Ich selbst wollte mir das nicht einreden, es musste einfach klappen, mit dem Sprung an die Tabellenspitze. Die Vergangenheit zählt nicht mehr, außerdem stand auf der Gegenseite ja auch „nur“ Düsseldorf und nicht Leverkusen oder Schalke. Vor dem Spiel bei den Würzburger Kickers wäre die Chance als Herbstmeister zu überwintern zwar auch gegeben gewesen, doch, auch dies war eine andere Situation. Ein von Verletzungen gebeutelter Kader, mit dem Nackenschlag der Heimniederlage gegen Hannover 96 im Gepäck und dem Urlaub vor Augen hatte giftigen Unterfranken nichts entgegen zu setzen.
Randnotiz dazu: ich hatte nach dem Spiel geschrieben, es sei unklug gewesen, die Spieler direkt im Anschluss an das Spiel in den Urlaub zu schicken, und nicht noch eine Trainingswoche mit Option auf Verkürzung bei entsprechender Leistung anzusetzen. In Lagos habe ich mit Jochen Röttgermann darüber sprechen können, woraufhin er doch tatsächlich bestätigte, dass sie intern auch darüber diskutiert hätten, dass dies wohl ein Fehler gewesen war!

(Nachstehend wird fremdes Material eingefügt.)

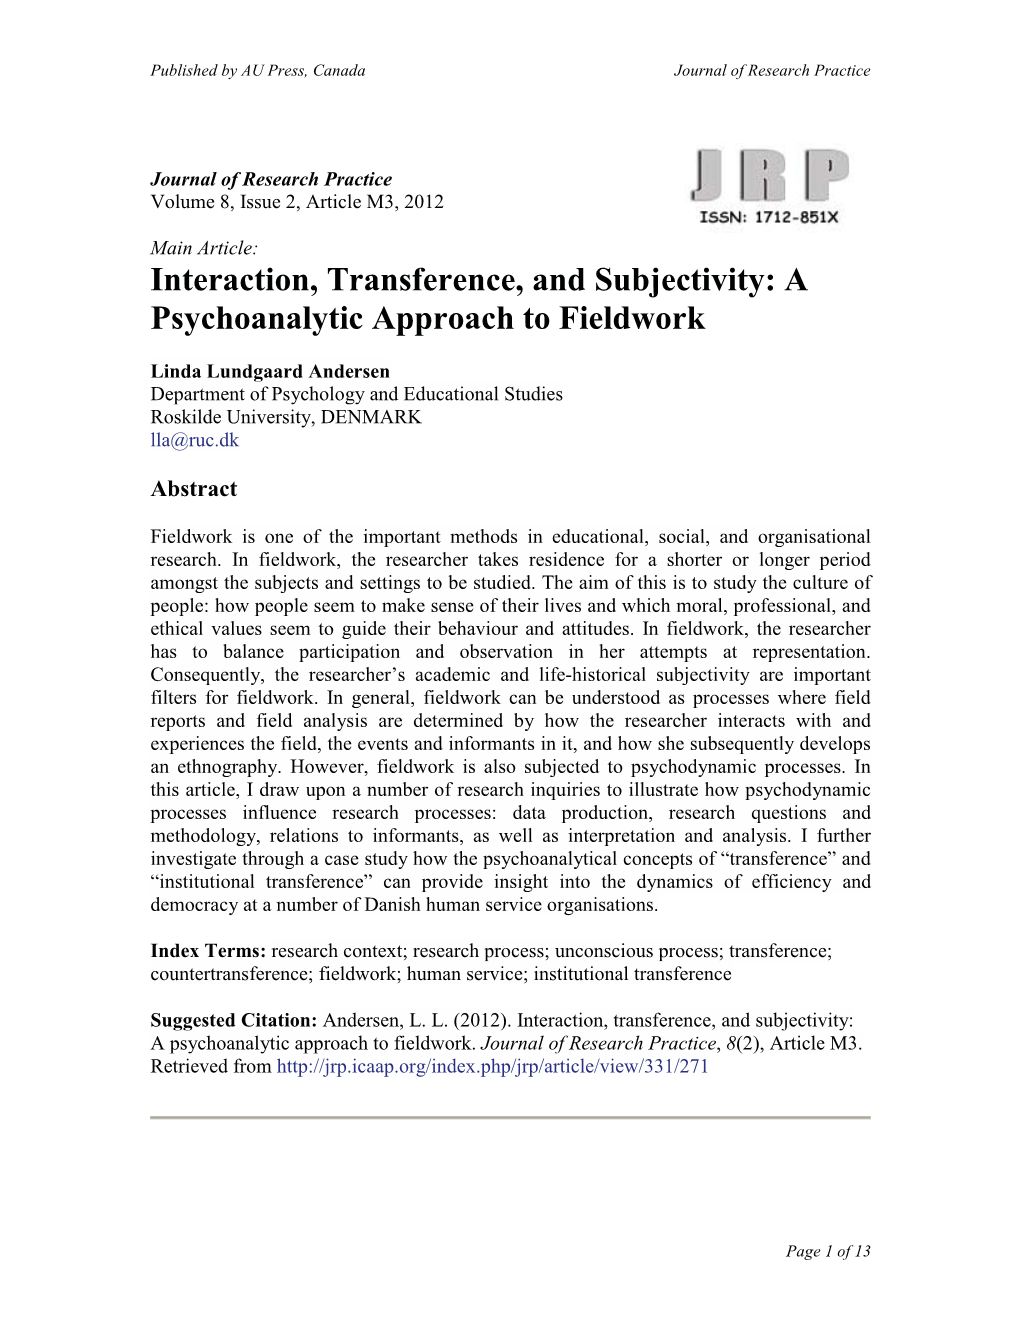 Interaction, Transference, and Subjectivity: a Psychoanalytic Approach to Fieldwork

Ein weiterer Aspekt, nicht in der Vergangenheit zu kramen und darauf zu hoffen, dass das Team aus solch verpassten Chancen gelernt hat, ist, dass der VfB im Trainingslager in Lagos hervorragend gearbeitet und den Grundstein für eine erfolgreiche Rückrunde gelegt hat. In St. Pauli lag spielerisch zwar noch einiges Argen, aber, wenigstens hat man die Mentalität gezeigt, die es in der 2. Liga braucht und man hat den Kampf angenommen. Zudem konnte man sich zum Transferschluss hin noch einmal verstärken und sendete damit unmissverständliche Signale an den Rest der Liga und auch an die Mannschaft, dass in dieser Saison einzig und allein der Aufstieg zählt.
Dass beim VfB von den Neuzugängen gegen die Fortuna einzig Brekalo im Kader stehen würde, war zu erwarten. Als Offensivspieler ist er leichter in das Mannschaftsgefüge zu integrieren wie Innenverteidiger Onguéné, der erst noch das Spielsystem kennenlernen muss oder Ofosi, der am Samstag noch das Spiel um Platz drei beim Afrika-Cup in Gabun absolvierte und erst noch vorgestellt werden muss.

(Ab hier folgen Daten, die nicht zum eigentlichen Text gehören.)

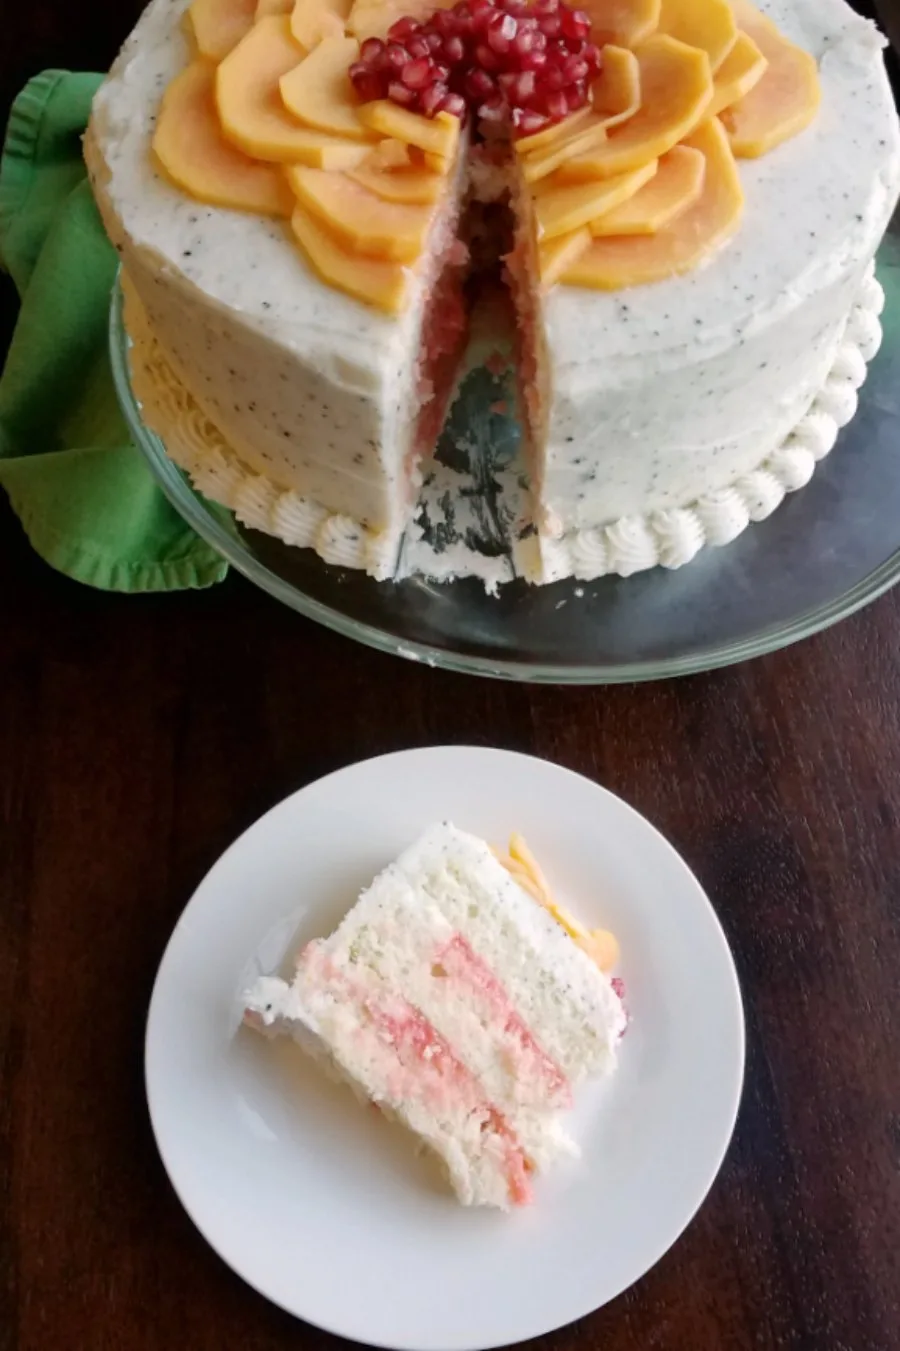 Slice of layered white cake with blood orange curd filling, and dragonfruit buttercream on plate, ready to eat, with remaining cake in the background.

Für die Startformation war Brekalo noch kein Thema, in diese rückten im Gegensatz zum St. Pauli-Spiel Anto Grgić und Carlos Mané anstelle von Zimmer und Zimmermann. Brekalo kam eine halbe Stunde vor Schluss, als das Spiel so gut wie entschieden war und gab ein durchwachsenes Debüt ab. Seine Schnelligkeit stach zwar sofort ins Auge, sonst aber wirkte er sehr eigensinnig und bisweilen leichtsinnig, was in einem Dribbling an der eigenen Strafraumgrenze mündete. Für einen jungen Spieler, der mit wenig Spielpraxis ankam und starke Konkurrenz beim Zweitligisten vorfand, durchaus verständlich, dass er auf sich aufmerksam machen möchte. Doch, Eigen- und Leichtsinn ist sicher nicht das, was Wolf von ihm sehen möchte, so dass er Brekalo dieses noch austreiben wird.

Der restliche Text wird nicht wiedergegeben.